You can do real HPC in the cloud

The latest Top 500 list came out earlier this week. I’m generally indifferent to the Top 500 these days (in part because China has two exaflop systems that it didn’t submit benchmarks for). But for better or worse, it’s still an important measure for many HPC practitioners. And that’s why the fact that Microsoft Azure cracked the top 10 is such a big deal.

For years, I heard that the public cloud can’t be used for “real” HPC. Sure, you can do throughput workloads, or small MPI jobs as a code test, but once it’s time to do the production workload, it has to be bare metal. This has never not been wrong. With a public cloud cluster as the 10th most powerful supercomputer* in the world, there’s no question that it can be done.

So the question becomes: should you do “real” HPC in the cloud? For whatever “real” means. There are cases where buying hardware and running it makes sense. There are cases where the flexibility of infrastructure-as-a-service wins. The answer has always been—and always will be—run the workload on the infrastructure that best fits the needs. To dismiss cloud for all use cases is petty gatekeeping.
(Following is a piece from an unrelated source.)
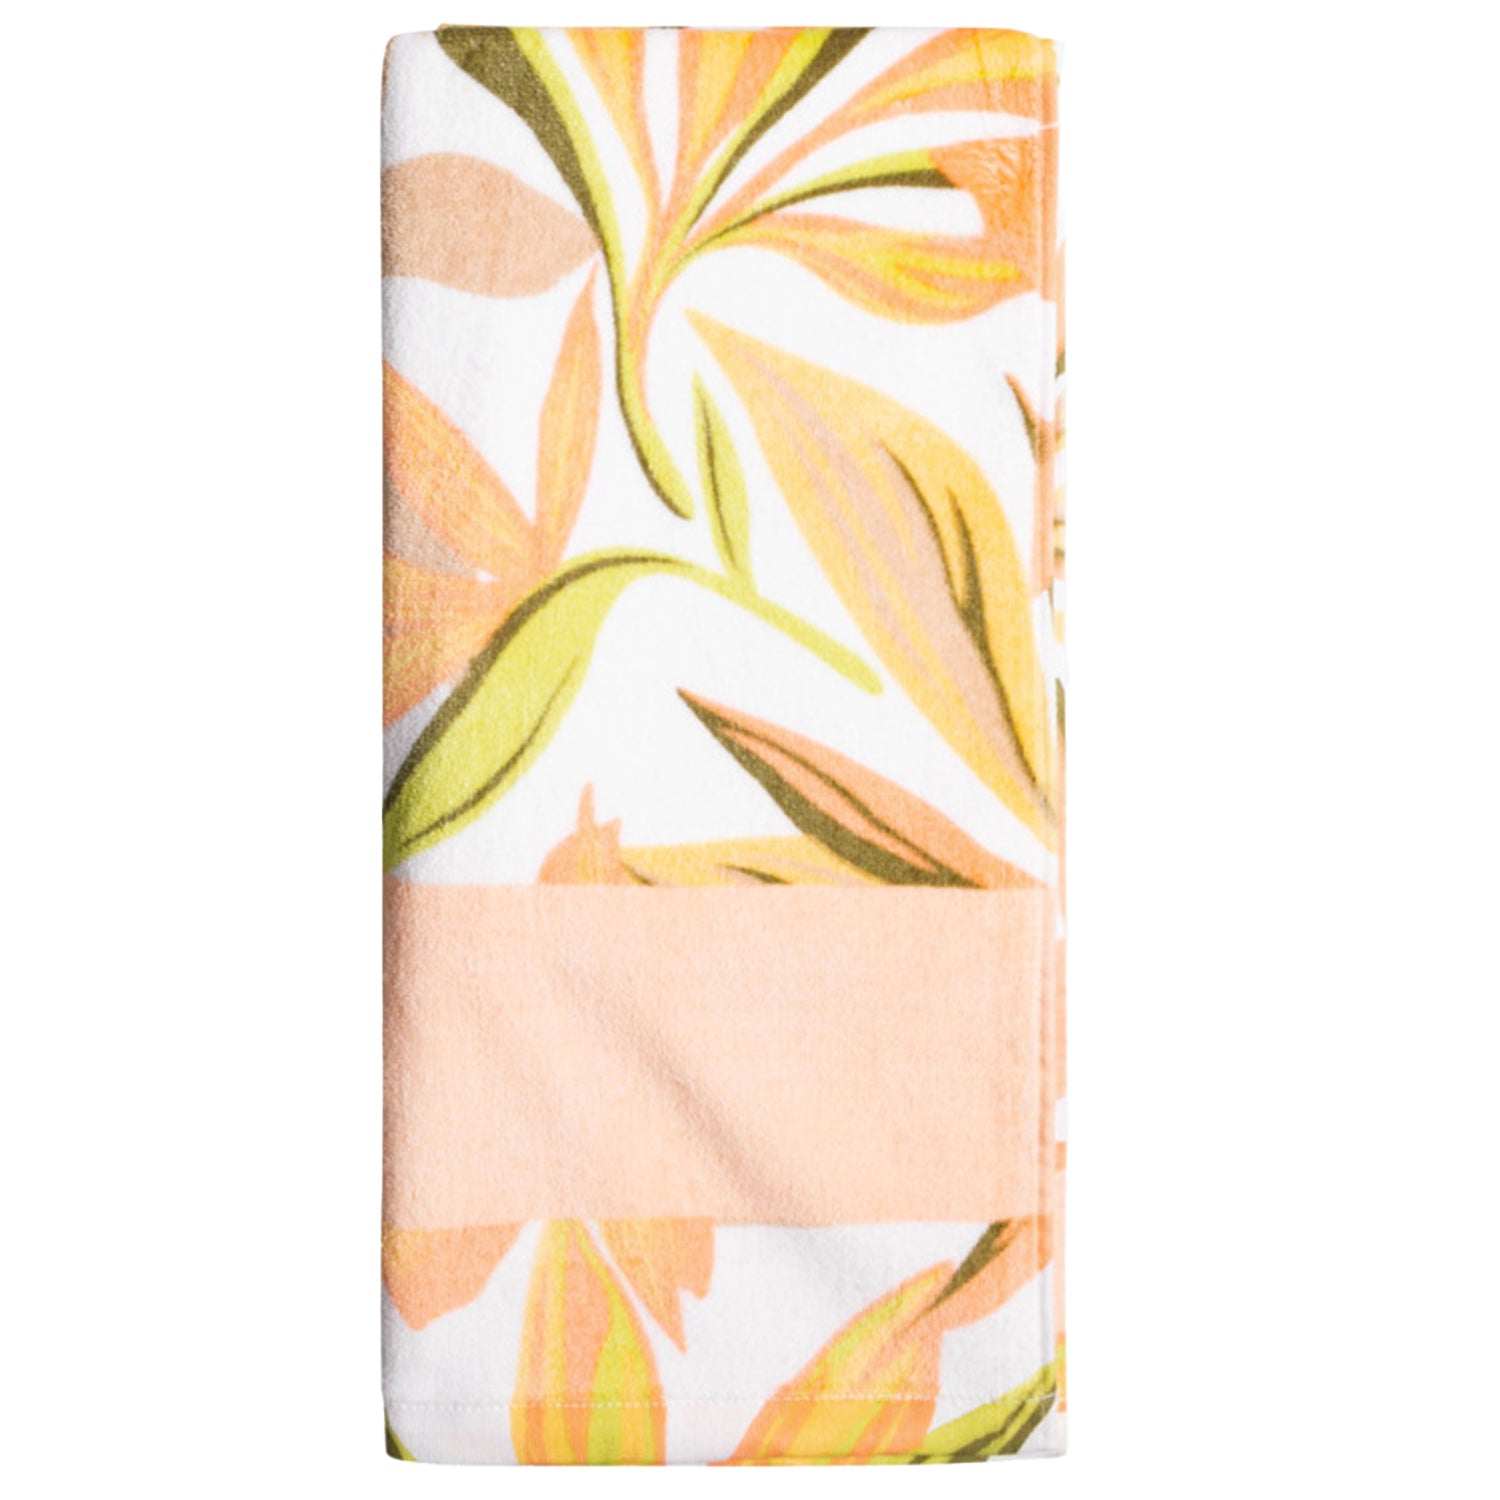 Roxy | Cold Water Printed Towel - Bright White Subtly Salty Mult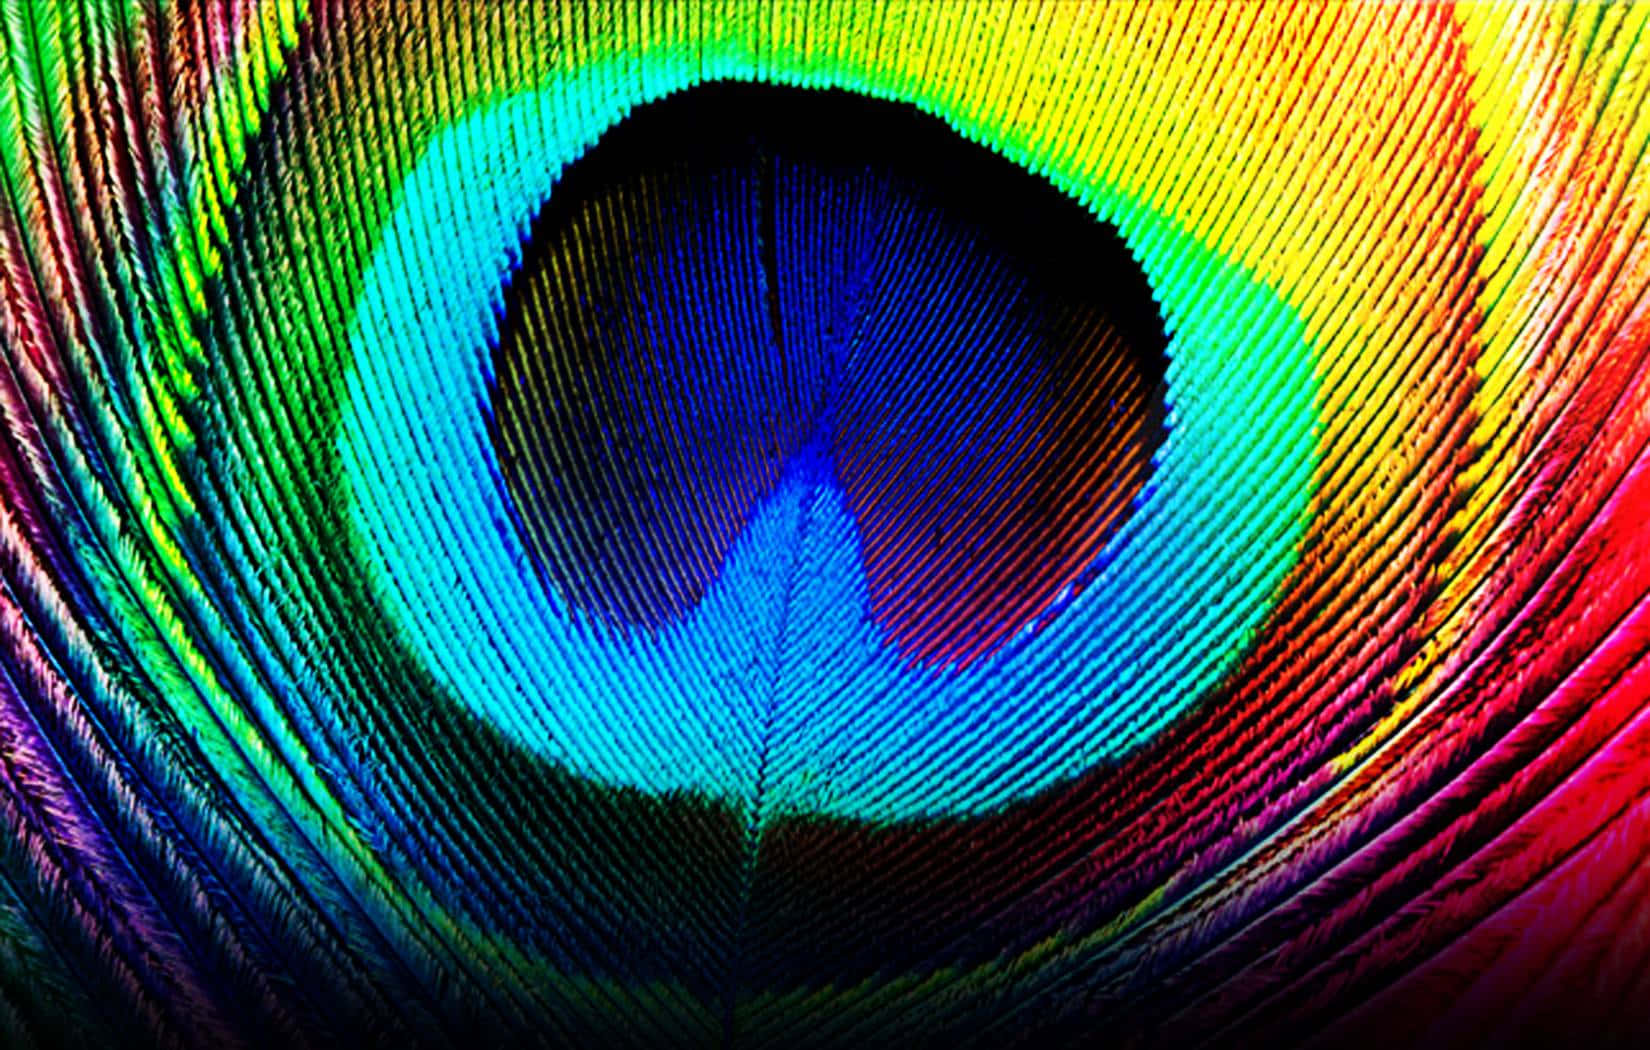 Image  Two Colored Peacock Feather

I congratulate my friends at Azure for their work in making this happen. I couldn’t be happier for them. Most of the world’s HPC happens in small datacenters, not the large HPC centers that tend to dominate the Top 500. The better public cloud providers can serve the majority of the market, the better it is for us all.

The AWS/VMWare partnership

Disclosures: My employer is an AWS partner. This post is solely my personal opinion and does not represent the opinion of my employer or AWS. I have no knowledge of this partnership beyond what has been publicly announced. I also own a small number of shares of Amazon stock.

Last week, Amazon Web Services (AWS) and VMWare announced a partnership that would make AWS the preferred cloud solution for VMWare. AWS will provide a separate set of hardware running VMWare’s software managed by VMWare staff. Customers can then provision a VMWare environment from that pool that looks the same as an internal data center.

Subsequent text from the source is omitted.